外は既に薄暗く、白い三日月が空に架かっている。水辺を飛び回り、水中の獲物を捕らえる猛禽を、蔡文姫は眺めていた。
「どうした、蔡文姫よ」
男、曹操は才女に問う。
「この情景に、何を想うた」
蔡文姫は目を瞑った。
妖しく光る爪牙の如く得物。大局を見定め、隙を狙う黄金の両眼。紅く染まる白い肌。残酷に吊上がる口角。破軍の魔物。速疾鬼羅刹天。
そんな蔡文姫の心中を曹操は察したらしかった。
「あれは明星よ」
破軍星、と彼らはそういう。
軍人から見れば、確かに立派で、信頼できる将帥なのだろう。
しかし、彼女は女で、それではあまりにも、
蔡文姫は箜篌の弦を弾いた。破軍の心の旋律を奏でるように。それは淡々と哀しく、またそれ故に、美しかった。

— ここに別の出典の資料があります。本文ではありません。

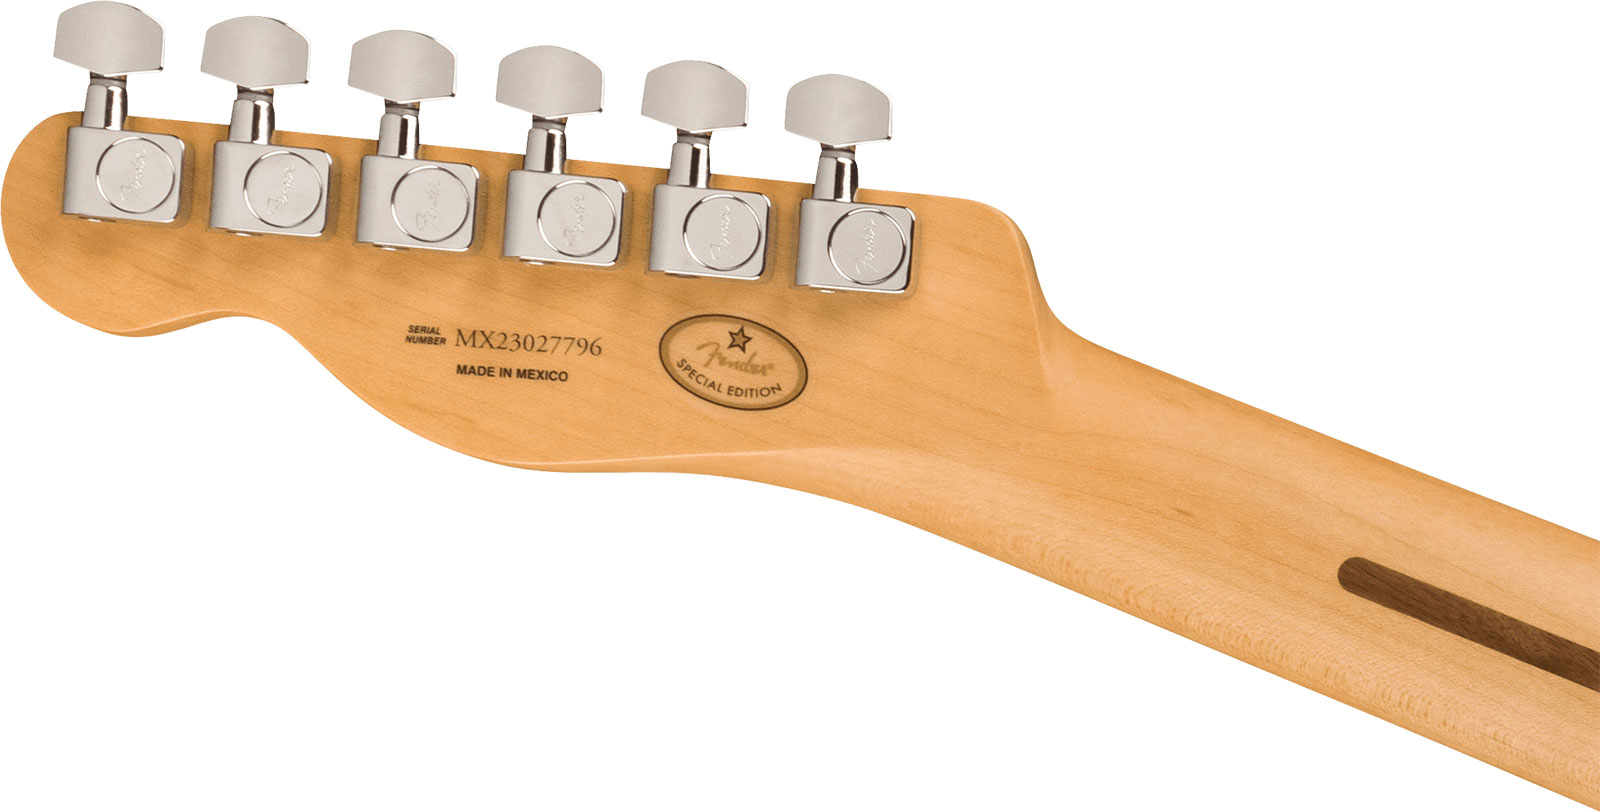 Fender Tele Player Ltd Mex 2s Pure Vintage Ht Eb - Oxblood - Guitarra eléctrica con forma de tel - Variation 3

しとり、しとり。滴り落ちる雨の雫を眺めていた破軍が、ふと蔡文姫の方を向いた。
「ああ、文姫っき。...どうかしたかな?」
「...いえ、あの...」
蔡文姫は、破軍に問うた。
「...貴方は、何故戦うのですか」
破軍は少し驚いたように眼を見開いた。
「安息を求めて...と言っても、信じてはもらえないだろうな」
一拍置いてから、再び口を開いた。
「戦う他に、生きる道を見出せない、と言うべきか...物心ついた頃から、手には槍を持っていた。まぁ、なり行き、ということだ...」
「...貴方は...」
「文姫っき」
それでいいのかと問おうとすると、破軍の穏やかな声に遮られた。
「私は戦が嫌いじゃない。...私のことで、貴方が嘆くことはないよ」
そう言って微笑む破軍の旋律は、降り注ぐ雨とひどく似ている。